No: You cannot safely use the ground as one side of an electrical
circuit! Especially in the vicinity of a pool electrical safety is
extremely important. Also non standard wiring might invalidate any
liability insurance, if discovered, even if an an accident did not
occur.

The use of ground as one side of a circuit, even an electrical cooking
stove, is not standard or approved in any jurisdictions that anyone
with an electrical background is aware.

The ground wire is there to safely connect items to ground and prevent
electrical shock and/death 'in the event of a fault condition'. Under
normal no-fault conditions the ground wire does not carry any
electrical current.

Suggest you get someone competent and probably licensed, to reduce you
r liability for something dangerous. Also suggest that the circuit you
are proposing be equipped through a GFI, either an outlet or GFI type
circuit breaker.
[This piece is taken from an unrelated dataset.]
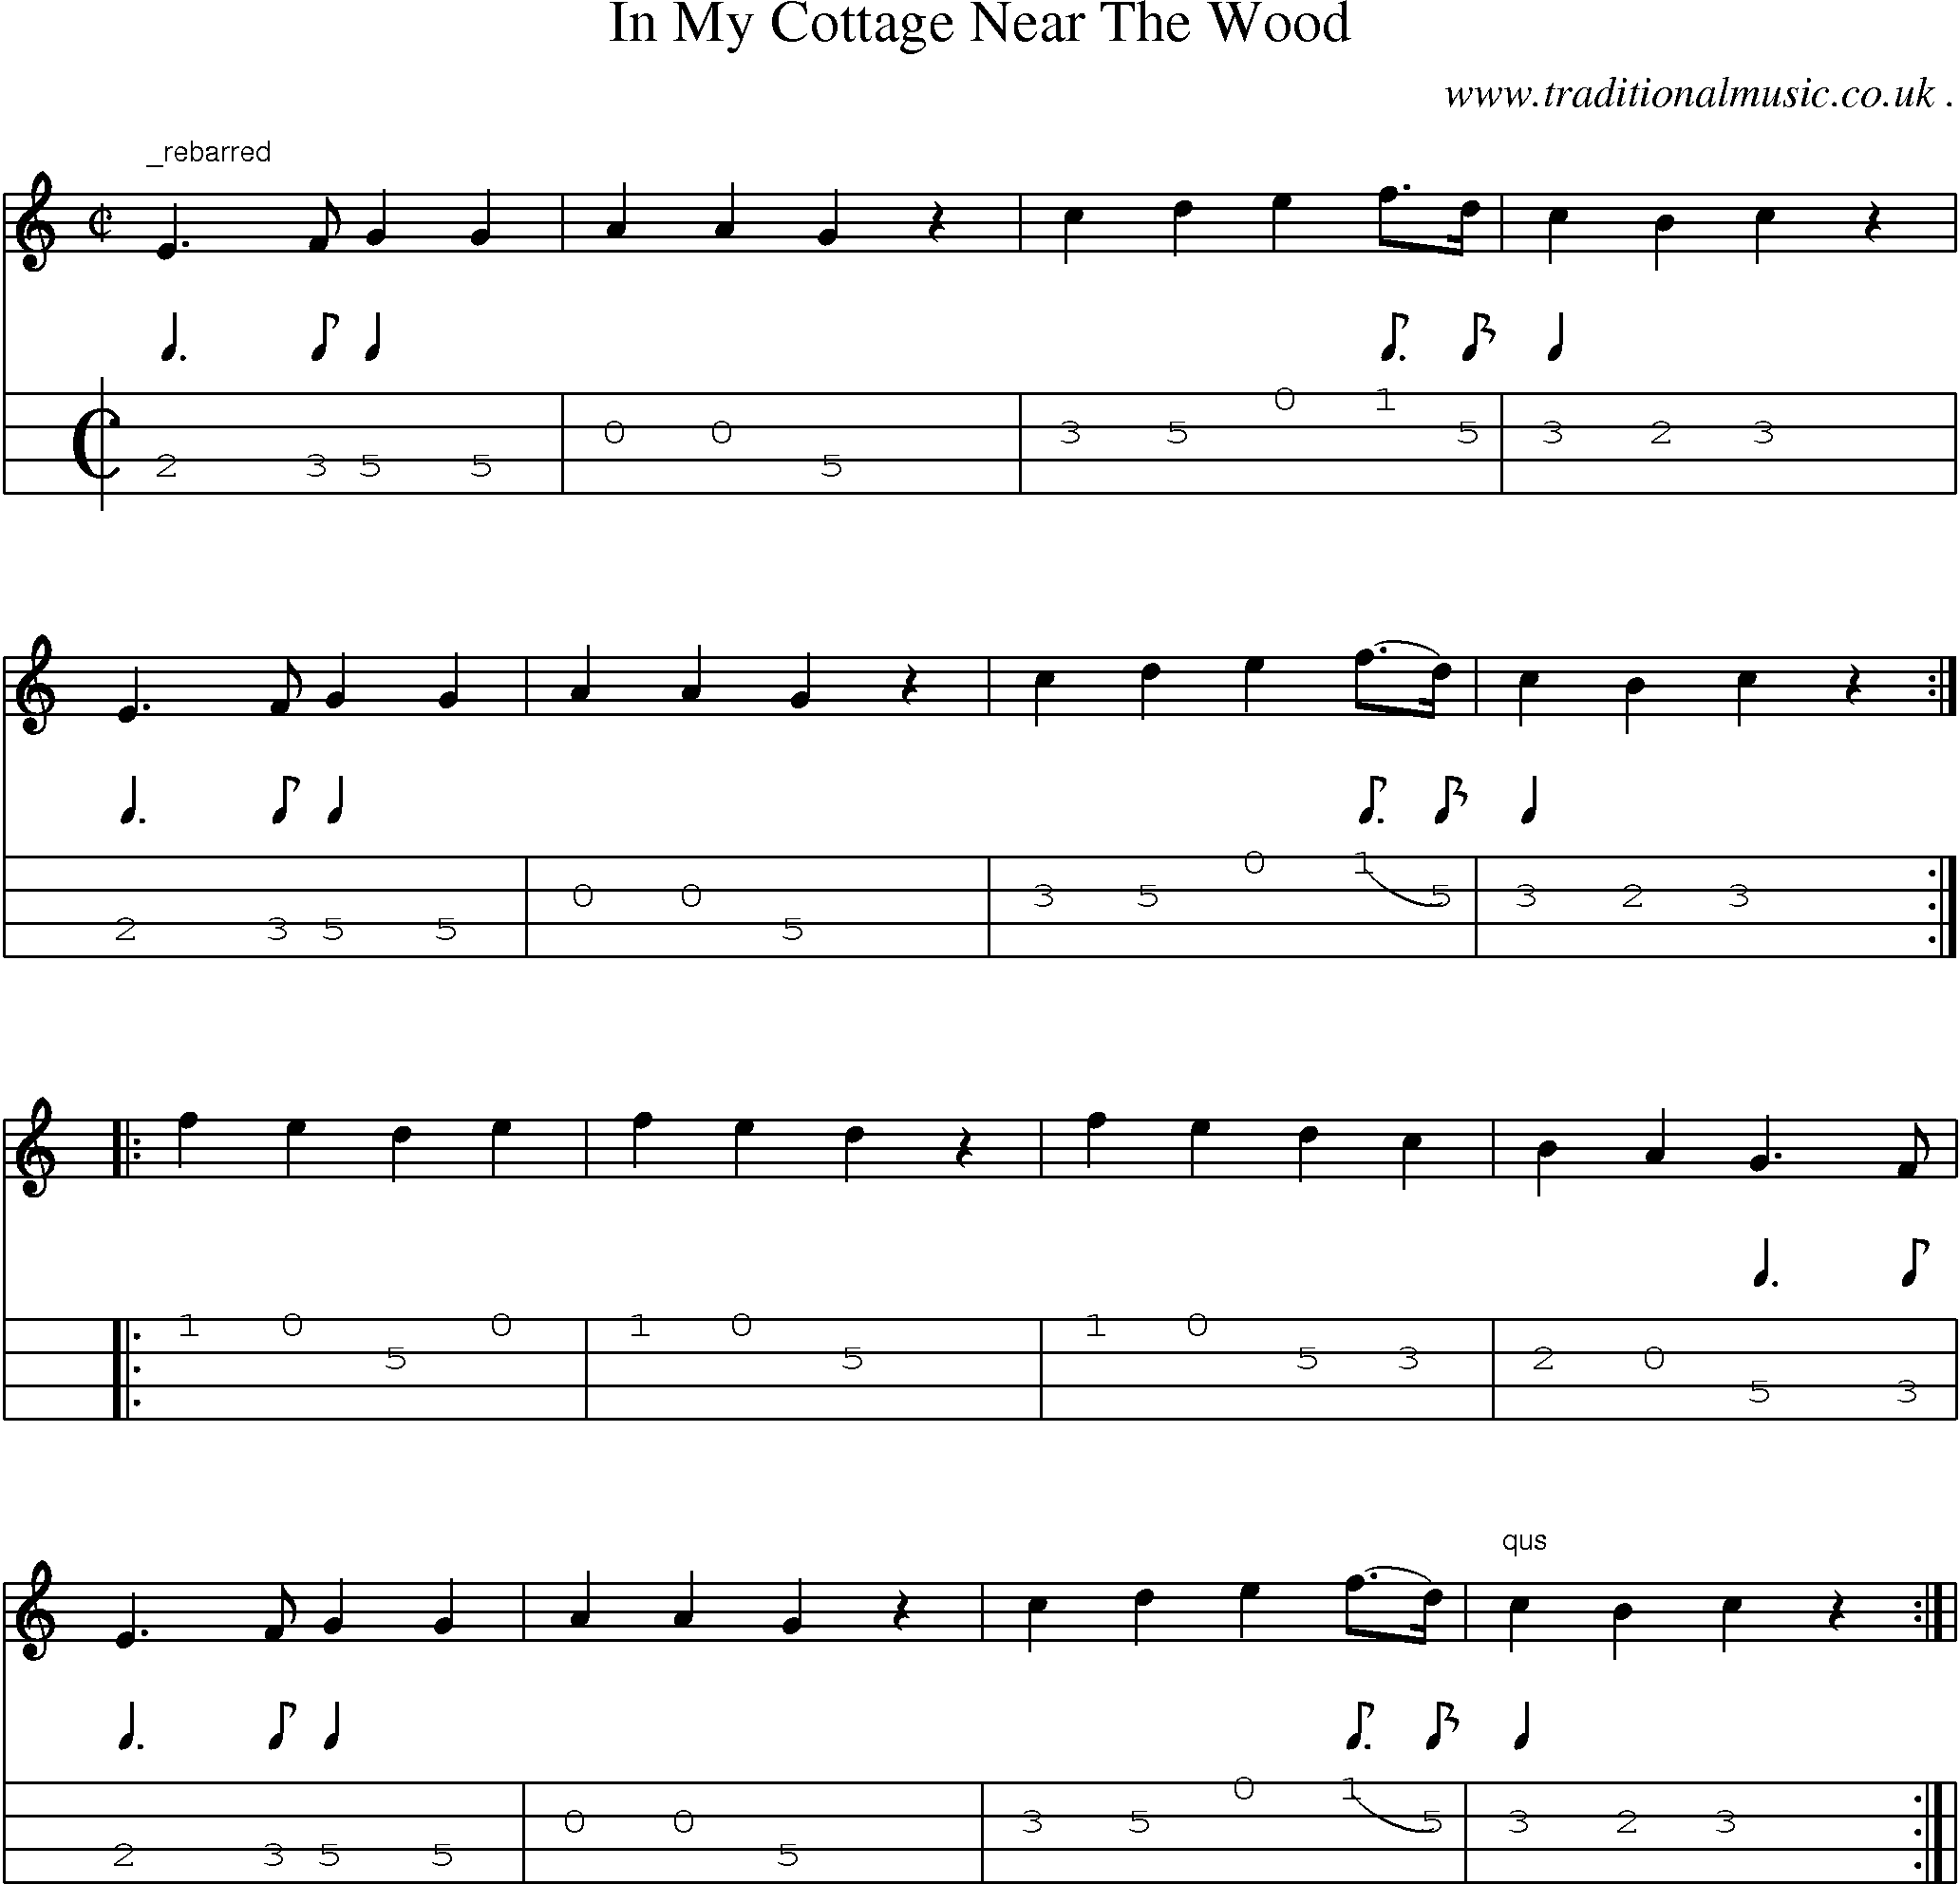 Sheet-Music and Mandolin Tabs for In My Cottage Near The Wood

This may be mandated by regulation anyway in your
jurisdiction.

Respectfully suggest that anyone asking that question in that manner
does not have the knowledge to safely do such work. Yes; it might
work, the lights may come on an everything 'appear' to be OK until
something happens! With any electricty in or near a pool make sure
someone present knows CPR.

Also depending on regulations in your jurisdiction it likely may not
be legal to connect pumps and lights to the same fuse/circuit breaker.
many of these items may seem onerous but they make sense and in some
ways are to protect us from ourselves.